Exercise objective —
From the records below, set down exactly the lines starting with the line that contains "Ash tree, Fraxinus" and going on through the line that contains "A barbecue plate". Nothing else is wanted.

[Stored items]

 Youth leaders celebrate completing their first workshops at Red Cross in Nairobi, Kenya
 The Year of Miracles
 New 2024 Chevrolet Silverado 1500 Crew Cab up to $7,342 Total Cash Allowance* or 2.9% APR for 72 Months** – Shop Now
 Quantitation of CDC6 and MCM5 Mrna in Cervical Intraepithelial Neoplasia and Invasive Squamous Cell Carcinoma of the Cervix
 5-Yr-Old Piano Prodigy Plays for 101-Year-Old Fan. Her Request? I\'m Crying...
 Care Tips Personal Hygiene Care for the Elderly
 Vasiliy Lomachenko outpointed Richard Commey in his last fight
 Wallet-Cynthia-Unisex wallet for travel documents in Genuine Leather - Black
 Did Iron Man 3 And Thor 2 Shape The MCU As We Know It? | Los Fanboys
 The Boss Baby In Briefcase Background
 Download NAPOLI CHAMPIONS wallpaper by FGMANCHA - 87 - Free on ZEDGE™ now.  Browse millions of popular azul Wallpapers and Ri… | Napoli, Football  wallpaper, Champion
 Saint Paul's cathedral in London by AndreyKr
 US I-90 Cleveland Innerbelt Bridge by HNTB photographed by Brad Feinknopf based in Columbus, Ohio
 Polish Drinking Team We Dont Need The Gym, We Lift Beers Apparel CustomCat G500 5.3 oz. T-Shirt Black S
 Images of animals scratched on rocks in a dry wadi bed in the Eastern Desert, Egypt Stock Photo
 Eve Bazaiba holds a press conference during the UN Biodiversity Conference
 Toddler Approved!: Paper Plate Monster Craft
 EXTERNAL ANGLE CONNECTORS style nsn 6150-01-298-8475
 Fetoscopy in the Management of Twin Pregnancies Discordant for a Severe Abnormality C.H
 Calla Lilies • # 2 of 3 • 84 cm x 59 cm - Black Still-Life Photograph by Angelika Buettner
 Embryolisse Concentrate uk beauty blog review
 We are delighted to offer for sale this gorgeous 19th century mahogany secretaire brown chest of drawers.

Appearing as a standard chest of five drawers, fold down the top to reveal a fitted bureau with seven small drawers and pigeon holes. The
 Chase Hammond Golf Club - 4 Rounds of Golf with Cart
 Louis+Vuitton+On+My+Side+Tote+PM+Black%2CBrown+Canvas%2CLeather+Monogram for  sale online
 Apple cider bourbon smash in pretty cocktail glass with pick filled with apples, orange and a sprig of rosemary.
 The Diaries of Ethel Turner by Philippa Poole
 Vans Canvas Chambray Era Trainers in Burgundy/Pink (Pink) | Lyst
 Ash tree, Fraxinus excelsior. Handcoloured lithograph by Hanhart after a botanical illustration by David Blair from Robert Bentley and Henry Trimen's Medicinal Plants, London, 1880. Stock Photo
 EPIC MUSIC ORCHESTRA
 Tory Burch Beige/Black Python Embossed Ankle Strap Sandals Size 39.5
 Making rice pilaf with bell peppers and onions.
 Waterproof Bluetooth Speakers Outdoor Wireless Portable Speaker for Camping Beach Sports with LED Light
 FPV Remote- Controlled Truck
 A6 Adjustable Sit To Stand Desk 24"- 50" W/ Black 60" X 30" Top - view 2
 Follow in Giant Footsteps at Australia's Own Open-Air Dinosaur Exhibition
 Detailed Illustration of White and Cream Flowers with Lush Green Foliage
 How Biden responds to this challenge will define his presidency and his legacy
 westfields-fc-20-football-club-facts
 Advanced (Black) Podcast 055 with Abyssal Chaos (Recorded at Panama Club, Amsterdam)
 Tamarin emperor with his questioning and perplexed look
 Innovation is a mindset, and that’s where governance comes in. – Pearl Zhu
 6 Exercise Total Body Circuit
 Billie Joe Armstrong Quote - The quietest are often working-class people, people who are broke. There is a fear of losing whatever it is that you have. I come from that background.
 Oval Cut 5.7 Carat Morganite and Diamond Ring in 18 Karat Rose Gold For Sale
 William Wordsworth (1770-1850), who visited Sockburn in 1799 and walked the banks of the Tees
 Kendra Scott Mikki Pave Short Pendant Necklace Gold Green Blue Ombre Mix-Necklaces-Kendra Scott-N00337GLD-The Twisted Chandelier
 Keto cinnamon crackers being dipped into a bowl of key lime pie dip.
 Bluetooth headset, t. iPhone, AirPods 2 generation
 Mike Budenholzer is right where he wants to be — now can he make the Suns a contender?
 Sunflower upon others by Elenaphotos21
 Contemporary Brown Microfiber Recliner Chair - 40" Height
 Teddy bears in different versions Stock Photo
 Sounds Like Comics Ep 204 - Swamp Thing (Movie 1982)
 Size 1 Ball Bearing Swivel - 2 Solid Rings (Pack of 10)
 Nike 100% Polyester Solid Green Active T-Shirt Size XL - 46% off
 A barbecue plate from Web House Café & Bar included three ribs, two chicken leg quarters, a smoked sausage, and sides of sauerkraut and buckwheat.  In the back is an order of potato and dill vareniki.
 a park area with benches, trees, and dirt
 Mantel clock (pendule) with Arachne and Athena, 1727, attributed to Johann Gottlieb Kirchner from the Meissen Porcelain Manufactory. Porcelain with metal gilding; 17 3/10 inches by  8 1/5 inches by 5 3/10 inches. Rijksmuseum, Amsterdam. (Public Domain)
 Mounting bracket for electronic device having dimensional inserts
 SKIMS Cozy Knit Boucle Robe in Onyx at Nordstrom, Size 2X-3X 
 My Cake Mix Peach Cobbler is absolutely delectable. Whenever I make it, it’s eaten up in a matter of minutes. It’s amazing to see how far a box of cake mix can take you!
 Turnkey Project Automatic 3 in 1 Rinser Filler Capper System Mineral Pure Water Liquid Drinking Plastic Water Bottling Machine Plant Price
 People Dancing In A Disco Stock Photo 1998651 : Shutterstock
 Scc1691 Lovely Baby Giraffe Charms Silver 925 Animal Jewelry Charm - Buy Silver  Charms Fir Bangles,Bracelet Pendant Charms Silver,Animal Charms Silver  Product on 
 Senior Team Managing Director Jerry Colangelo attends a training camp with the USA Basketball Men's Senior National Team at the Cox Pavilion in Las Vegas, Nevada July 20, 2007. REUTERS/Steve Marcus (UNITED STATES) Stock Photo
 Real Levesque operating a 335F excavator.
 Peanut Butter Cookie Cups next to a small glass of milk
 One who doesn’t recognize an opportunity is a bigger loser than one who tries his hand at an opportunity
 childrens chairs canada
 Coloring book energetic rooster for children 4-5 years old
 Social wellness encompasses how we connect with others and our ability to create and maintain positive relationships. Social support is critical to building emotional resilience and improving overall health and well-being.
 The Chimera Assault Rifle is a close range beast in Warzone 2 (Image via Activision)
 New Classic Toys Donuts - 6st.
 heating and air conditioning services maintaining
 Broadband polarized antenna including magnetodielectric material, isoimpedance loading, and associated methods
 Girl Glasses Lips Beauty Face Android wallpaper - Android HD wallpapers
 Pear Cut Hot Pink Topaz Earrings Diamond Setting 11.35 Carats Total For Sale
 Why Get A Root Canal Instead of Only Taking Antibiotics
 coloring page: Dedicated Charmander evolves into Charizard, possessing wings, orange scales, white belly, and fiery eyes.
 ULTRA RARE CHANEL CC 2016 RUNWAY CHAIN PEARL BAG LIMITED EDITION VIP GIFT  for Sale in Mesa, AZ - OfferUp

Answer box —
 Ash tree, Fraxinus excelsior. Handcoloured lithograph by Hanhart after a botanical illustration by David Blair from Robert Bentley and Henry Trimen's Medicinal Plants, London, 1880. Stock Photo
 EPIC MUSIC ORCHESTRA
 Tory Burch Beige/Black Python Embossed Ankle Strap Sandals Size 39.5
 Making rice pilaf with bell peppers and onions.
 Waterproof Bluetooth Speakers Outdoor Wireless Portable Speaker for Camping Beach Sports with LED Light
 FPV Remote- Controlled Truck
 A6 Adjustable Sit To Stand Desk 24"- 50" W/ Black 60" X 30" Top - view 2
 Follow in Giant Footsteps at Australia's Own Open-Air Dinosaur Exhibition
 Detailed Illustration of White and Cream Flowers with Lush Green Foliage
 How Biden responds to this challenge will define his presidency and his legacy
 westfields-fc-20-football-club-facts
 Advanced (Black) Podcast 055 with Abyssal Chaos (Recorded at Panama Club, Amsterdam)
 Tamarin emperor with his questioning and perplexed look
 Innovation is a mindset, and that’s where governance comes in. – Pearl Zhu
 6 Exercise Total Body Circuit
 Billie Joe Armstrong Quote - The quietest are often working-class people, people who are broke. There is a fear of losing whatever it is that you have. I come from that background.
 Oval Cut 5.7 Carat Morganite and Diamond Ring in 18 Karat Rose Gold For Sale
 William Wordsworth (1770-1850), who visited Sockburn in 1799 and walked the banks of the Tees
 Kendra Scott Mikki Pave Short Pendant Necklace Gold Green Blue Ombre Mix-Necklaces-Kendra Scott-N00337GLD-The Twisted Chandelier
 Keto cinnamon crackers being dipped into a bowl of key lime pie dip.
 Bluetooth headset, t. iPhone, AirPods 2 generation
 Mike Budenholzer is right where he wants to be — now can he make the Suns a contender?
 Sunflower upon others by Elenaphotos21
 Contemporary Brown Microfiber Recliner Chair - 40" Height
 Teddy bears in different versions Stock Photo
 Sounds Like Comics Ep 204 - Swamp Thing (Movie 1982)
 Size 1 Ball Bearing Swivel - 2 Solid Rings (Pack of 10)
 Nike 100% Polyester Solid Green Active T-Shirt Size XL - 46% off
 A barbecue plate from Web House Café & Bar included three ribs, two chicken leg quarters, a smoked sausage, and sides of sauerkraut and buckwheat.  In the back is an order of potato and dill vareniki.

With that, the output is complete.